The part I don’t understand is the Privacy Grade = C, Enhanced Grade = B.
I’m sure there is a link somewhere to explain this, but just a guess… when using uMatrix, googlesyndication and googletagservices are blocked on my browser (yep, no ads, I need to become a Patron) – perhaps that is driving the Enhanced Grade?
The Grade Enchanced from D to C its when it block the trackers idk. So it make your privacy better?
Thanks for posting this so more people will get to know about it! I just found out about this add-on yesterday.
Thanks for the information. However, I can’t see why anyone would want to install this browser extension, even if this search engine is used frequently (assuming users have installed essential privacy and security browser extensions).
I get a message when I try to post again that it’s a duplicate. But I don’t see the original posted about an hour ago anywhere Martin (?)
I’ve tried the Firefox version (‘DuckDuckGo Privacy Essentials’) by curiosity because uBlock Origin does it all, except for pointing out the connection’s encryption and a site’s “privacy rating”.
A connection being encrypted is already obvious to notice on the browser.
Privacy ratings, for what they’re worth, suffer once gain of the “insufficient contrast syndrome” : reading the rating is a pain, especially at night with a lowered luminosity/contrast monitor. Why not white on black or black on white? No idea, maybe the developer was hooked by artistic aims, but the result is that the rating is a challenge fr the eyes. I just cannot understand this design, known on several sites when it comes to their content, now available on icons as well. Good heavens.
Agree on design. Seems they could simply use the color scheme they use inside the drop down menu – C=Yellow, B=Green, A=?
Yeah, seems so obvious. Maybe do they design on 50″” monitor screens, no idea, but here on a 1600×900 the icon is tiny and its content hardly readable. It’s not the main thing but I mean : if they use the icon to illustrate the rating they might as well do it correctly.
Forgot to mention this : the extension uses “Forced encryption” when applicable. On what basis? I disabled ‘HTTPS Everywhere” and DDG didn’t force encryption on several sites called by http but available as https.
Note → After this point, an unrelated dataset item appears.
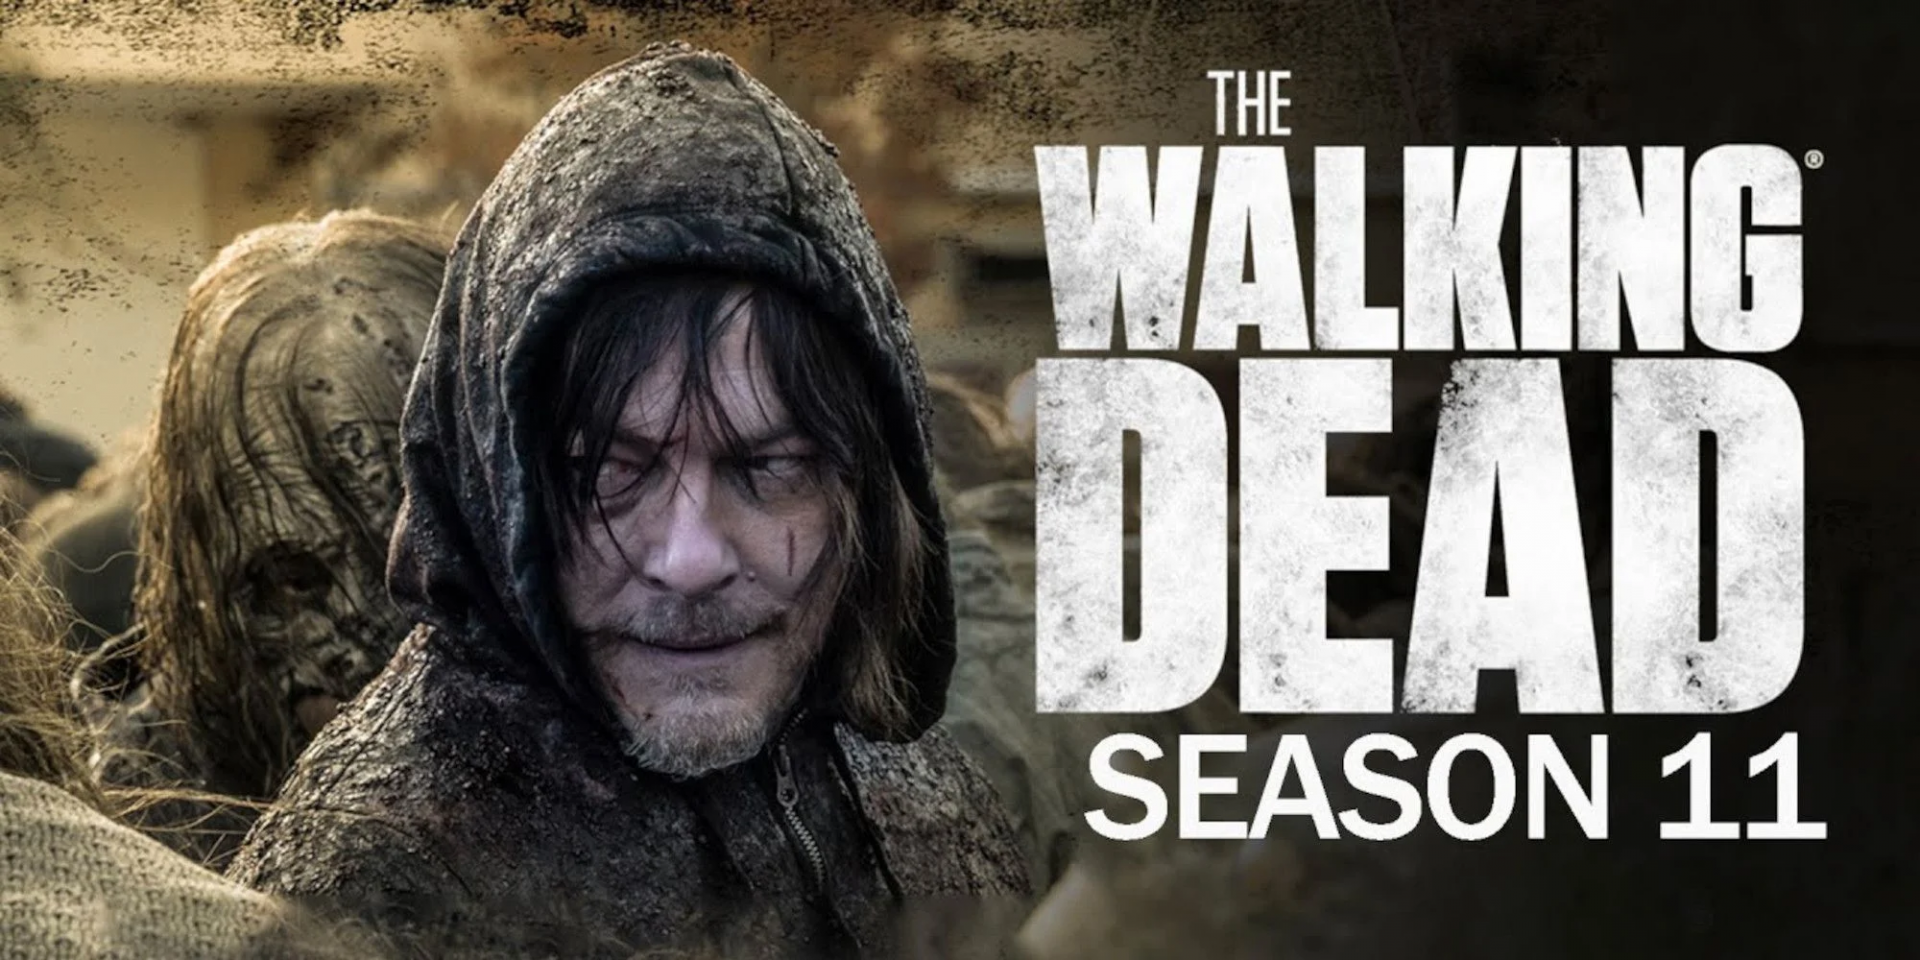 The Walking Dead Season 11: Release Date, Trailer, Cast, Episodes and Latest News

I’d be cautious relying on their “forced encryption” reliability.
I just tested the extension right now as it has been updated since he first time I had tested it. OK, better than nothing perhaps but not comparable to what the best can do (uBlock origin and uMatrix). Better than nothing, ok.
FYI.
“This add-on requires a newer version of Firefox (at least version 57.0). You are using Firefox 52.0.”
Very similar to Privacy Badger, which I have been using for the longest time.